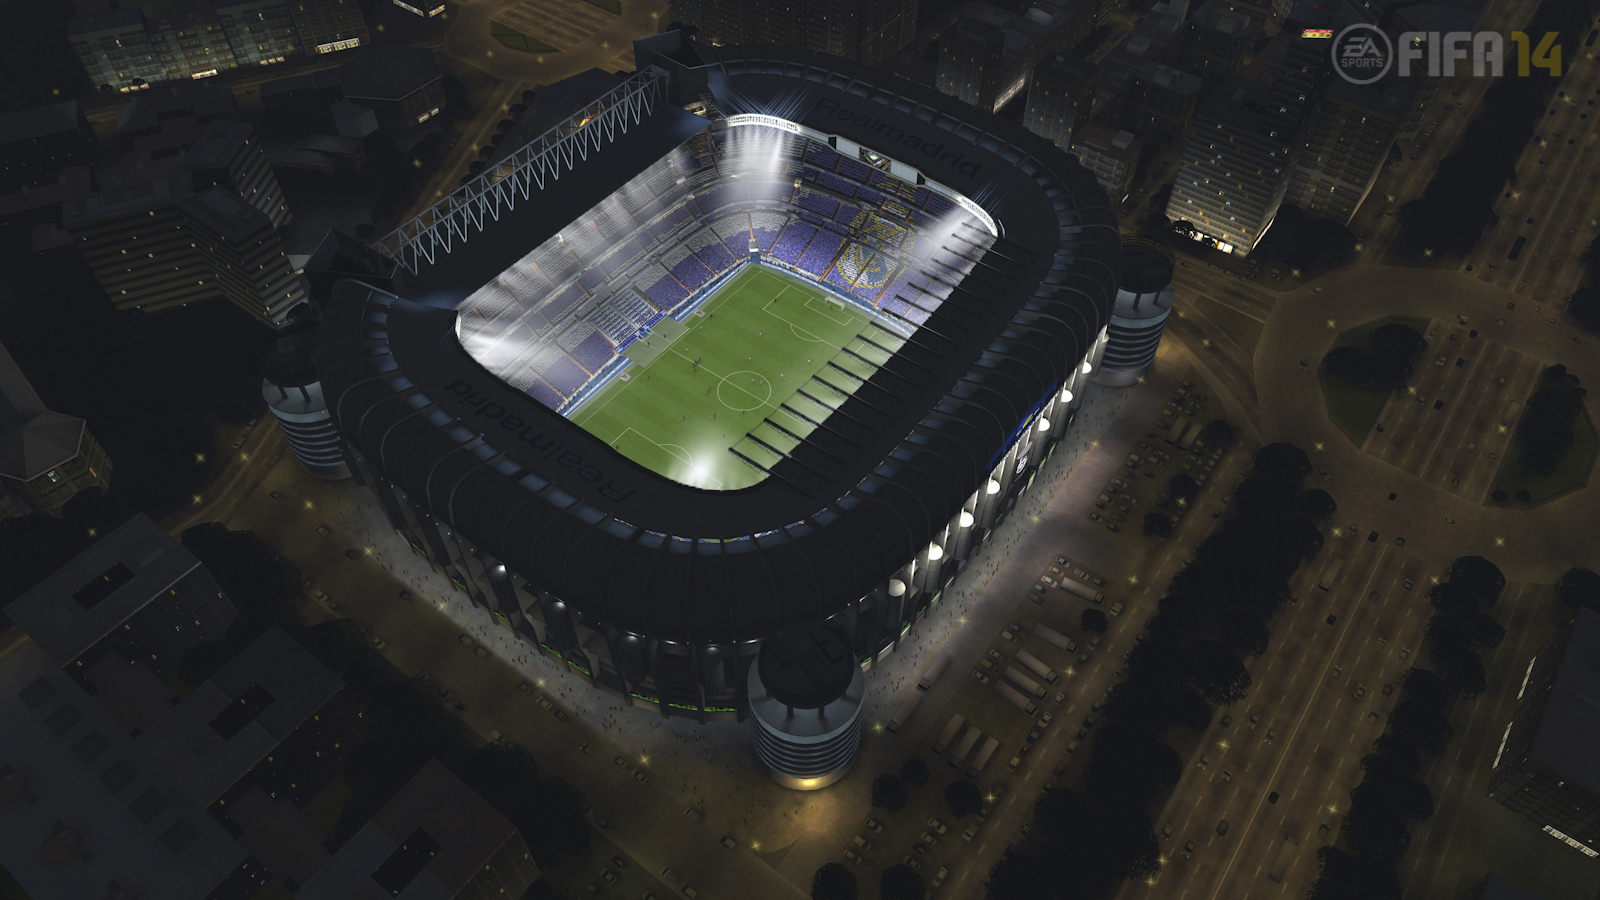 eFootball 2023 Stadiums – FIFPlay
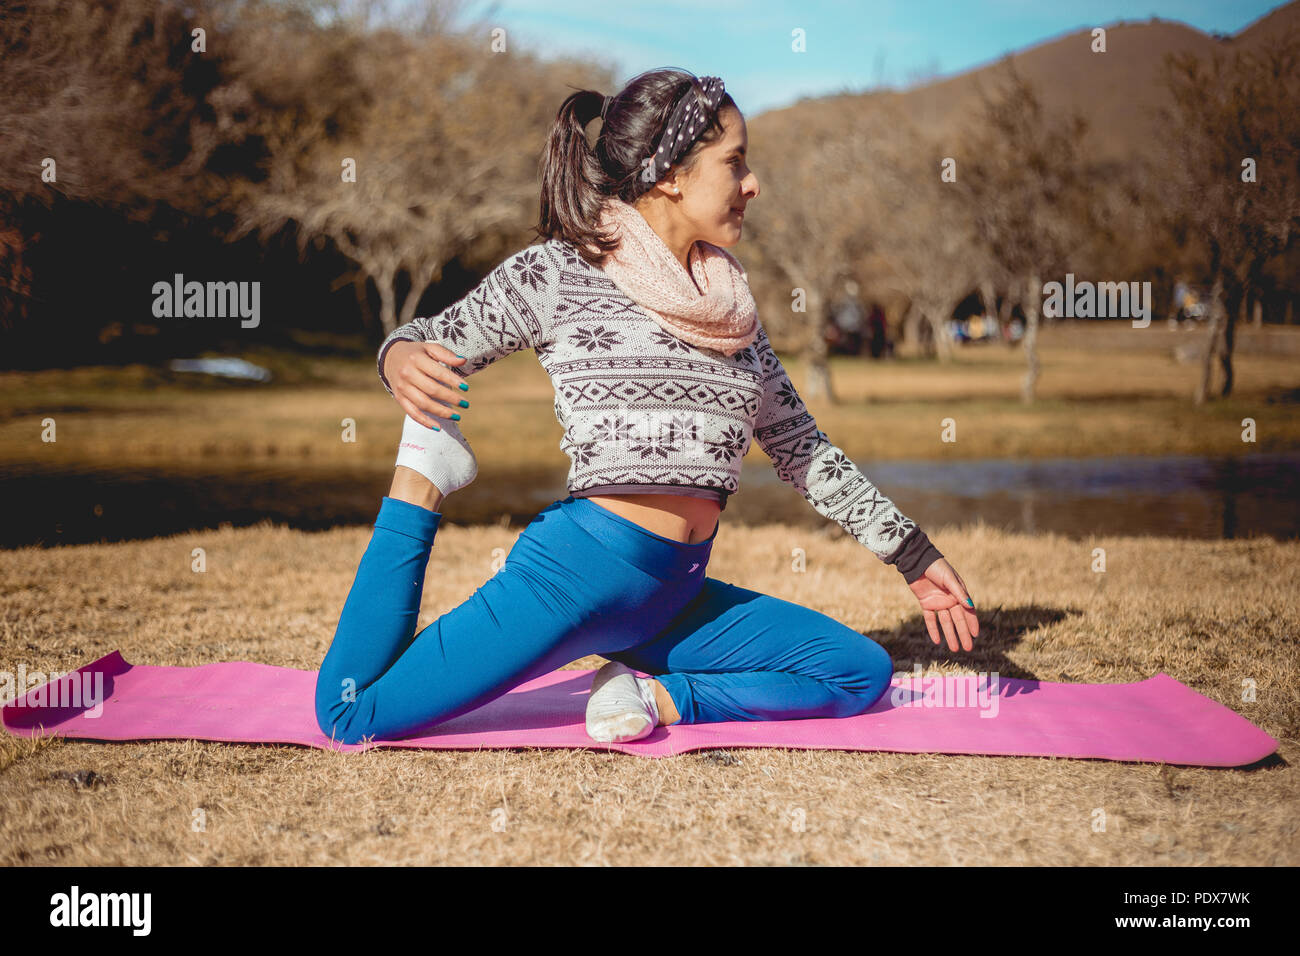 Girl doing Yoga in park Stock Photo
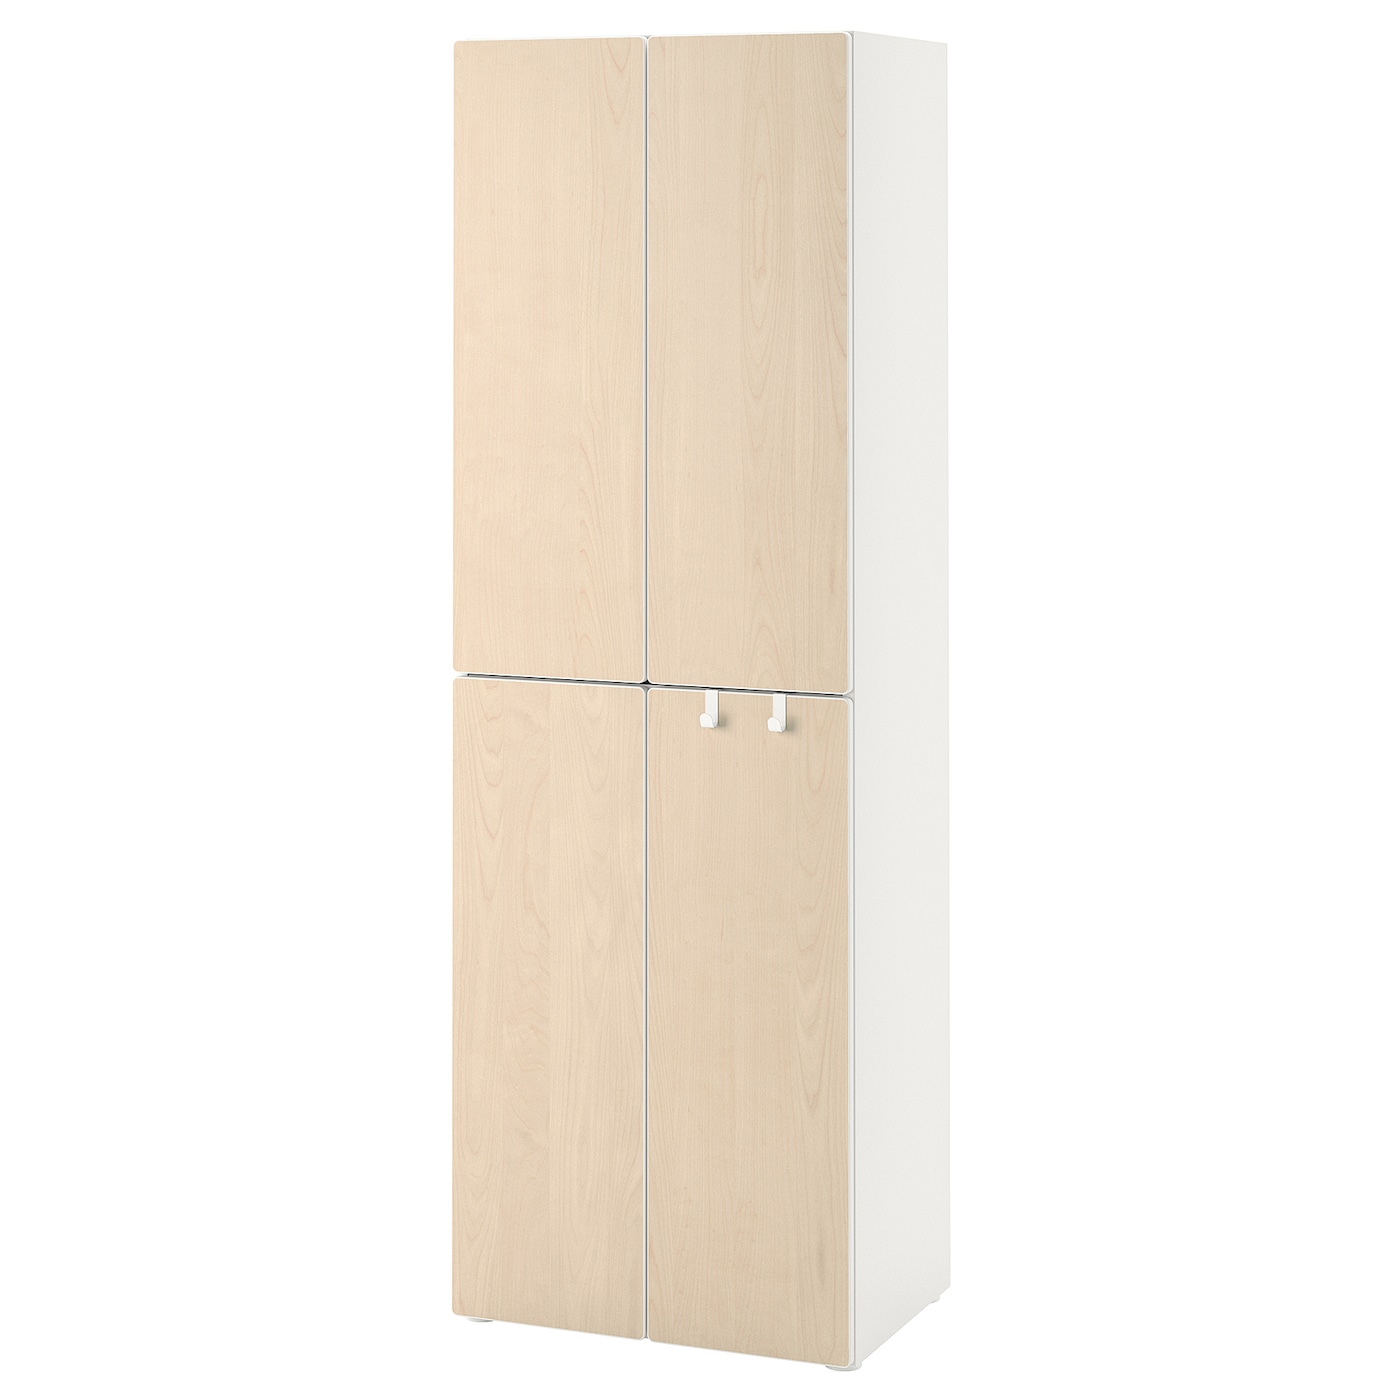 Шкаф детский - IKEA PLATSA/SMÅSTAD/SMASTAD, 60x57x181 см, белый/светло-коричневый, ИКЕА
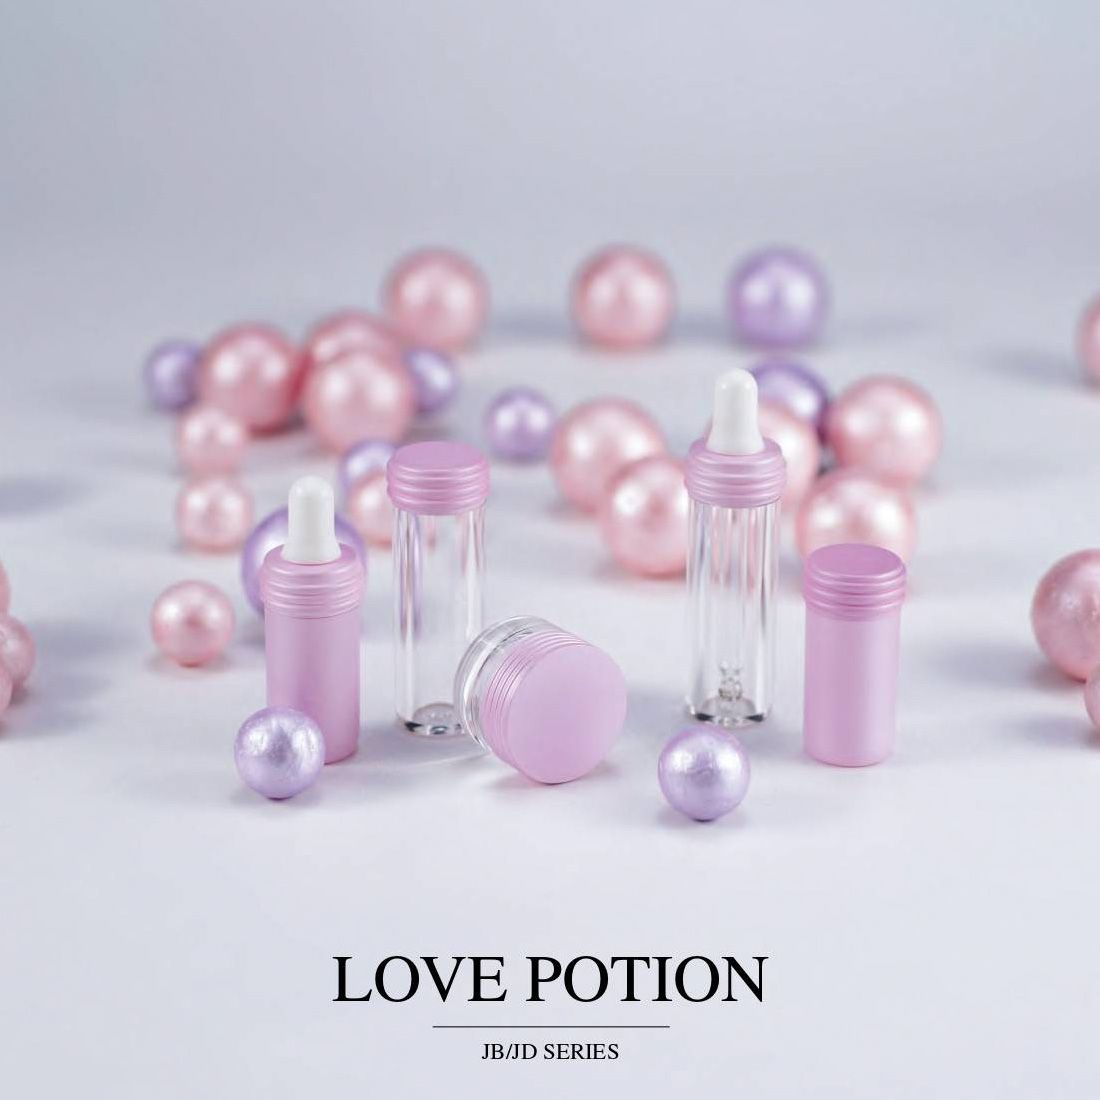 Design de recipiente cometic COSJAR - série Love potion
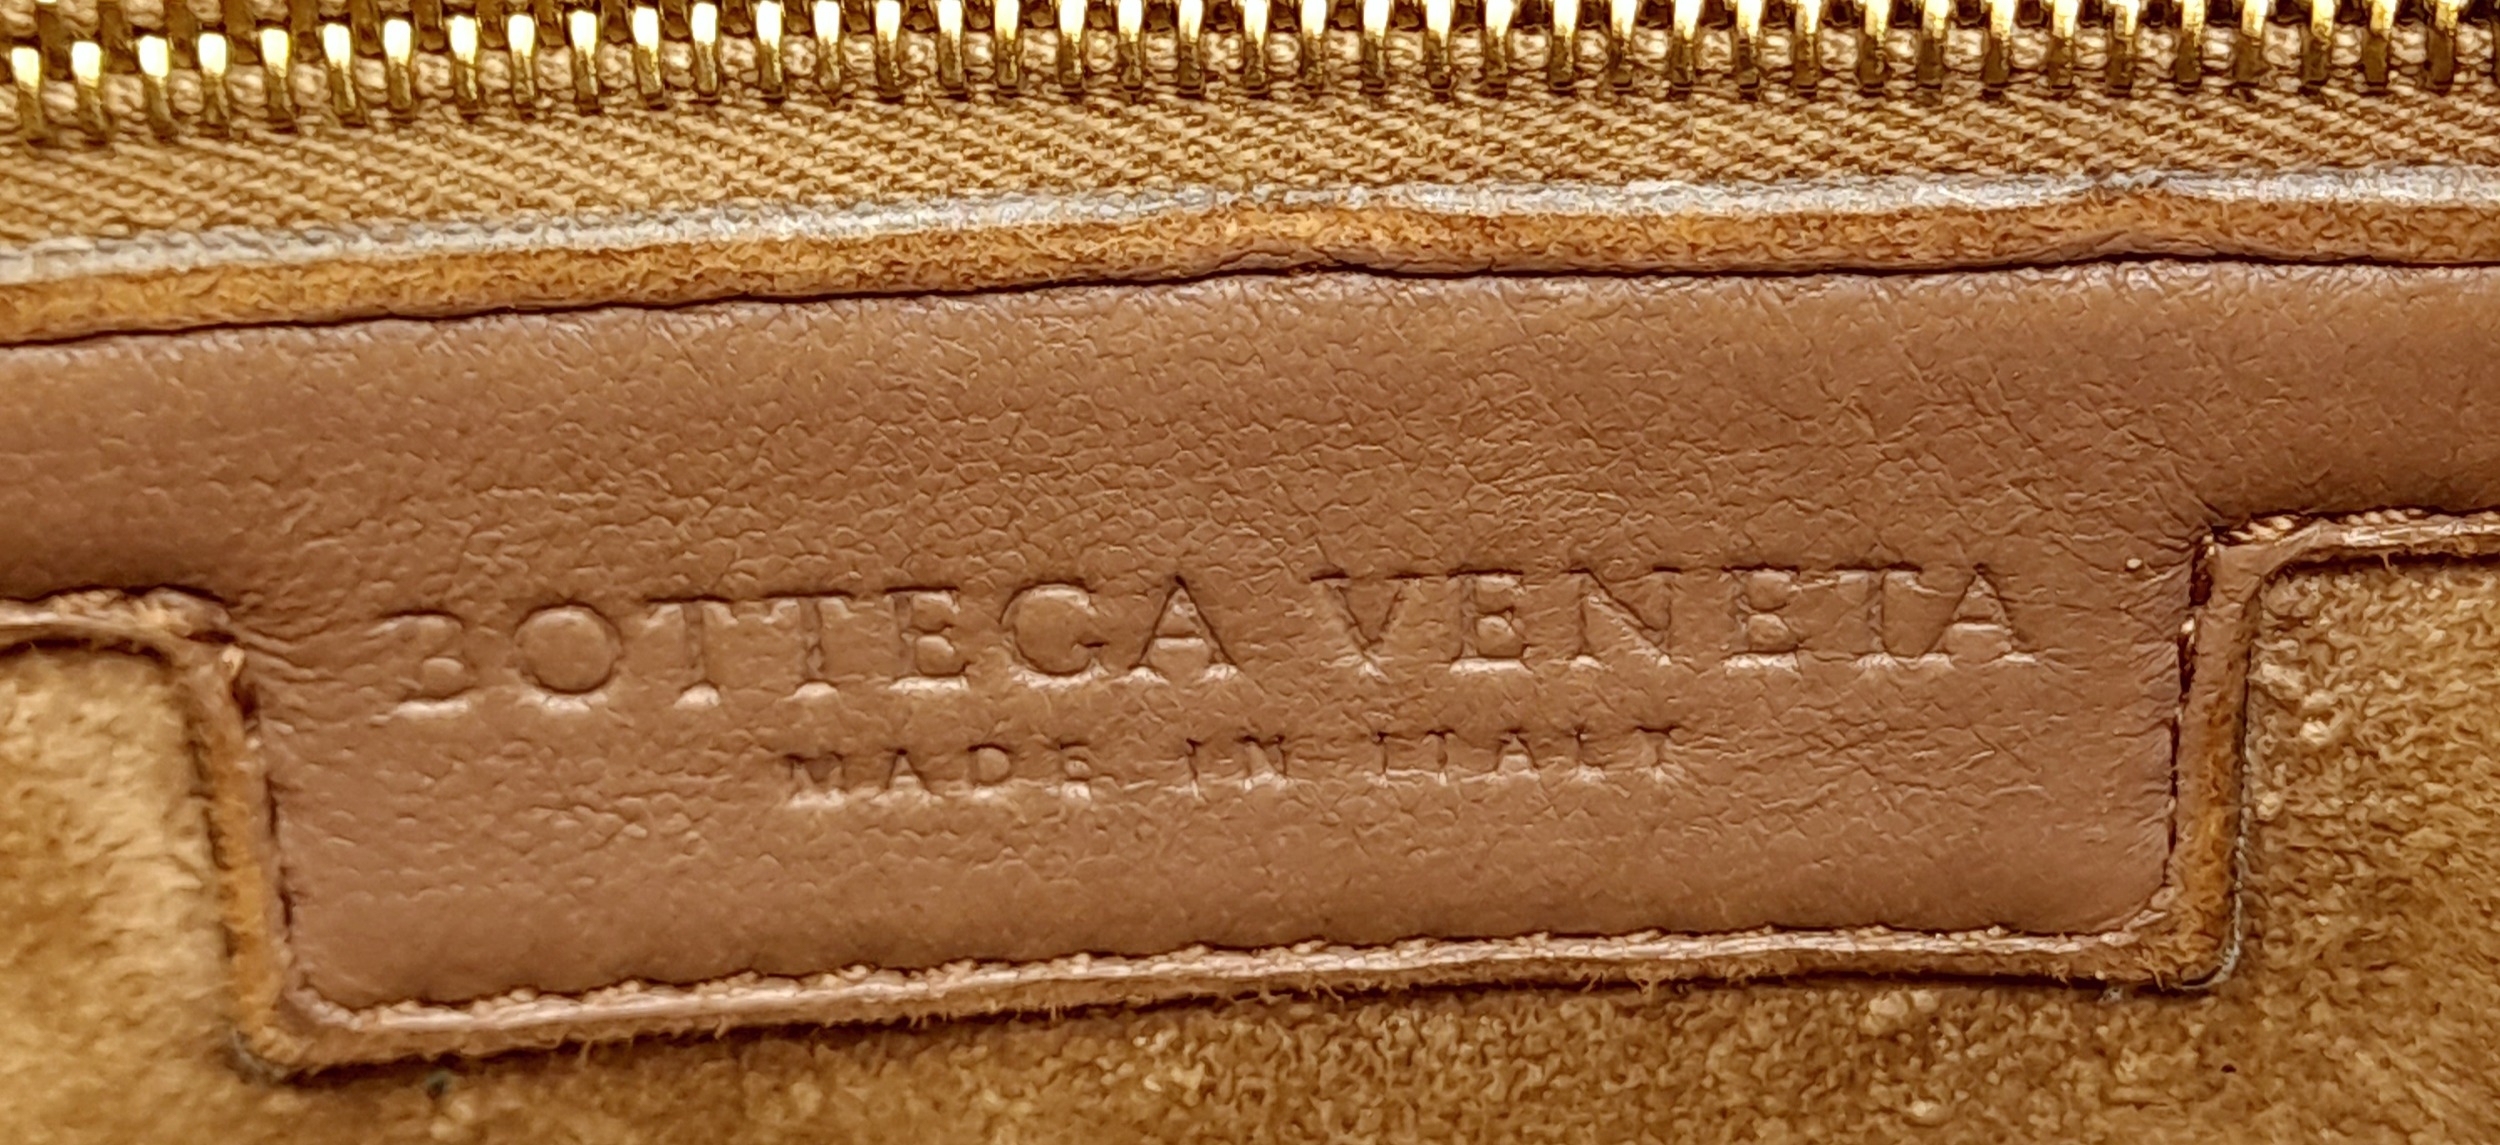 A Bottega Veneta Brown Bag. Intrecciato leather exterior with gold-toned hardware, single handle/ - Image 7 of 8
□ □ □ □ □
Assigned task: Each entry should come back exactly as written, with its pictures omitted.

Task solution:
 eFootball 2023 Stadiums – FIFPlay
 Girl doing Yoga in park Stock Photo
 Шкаф детский - IKEA PLATSA/SMÅSTAD/SMASTAD, 60x57x181 см, белый/светло-коричневый, ИКЕА
 Design de recipiente cometic COSJAR - série Love potion
 A Bottega Veneta Brown Bag. Intrecciato leather exterior with gold-toned hardware, single handle/ - Image 7 of 8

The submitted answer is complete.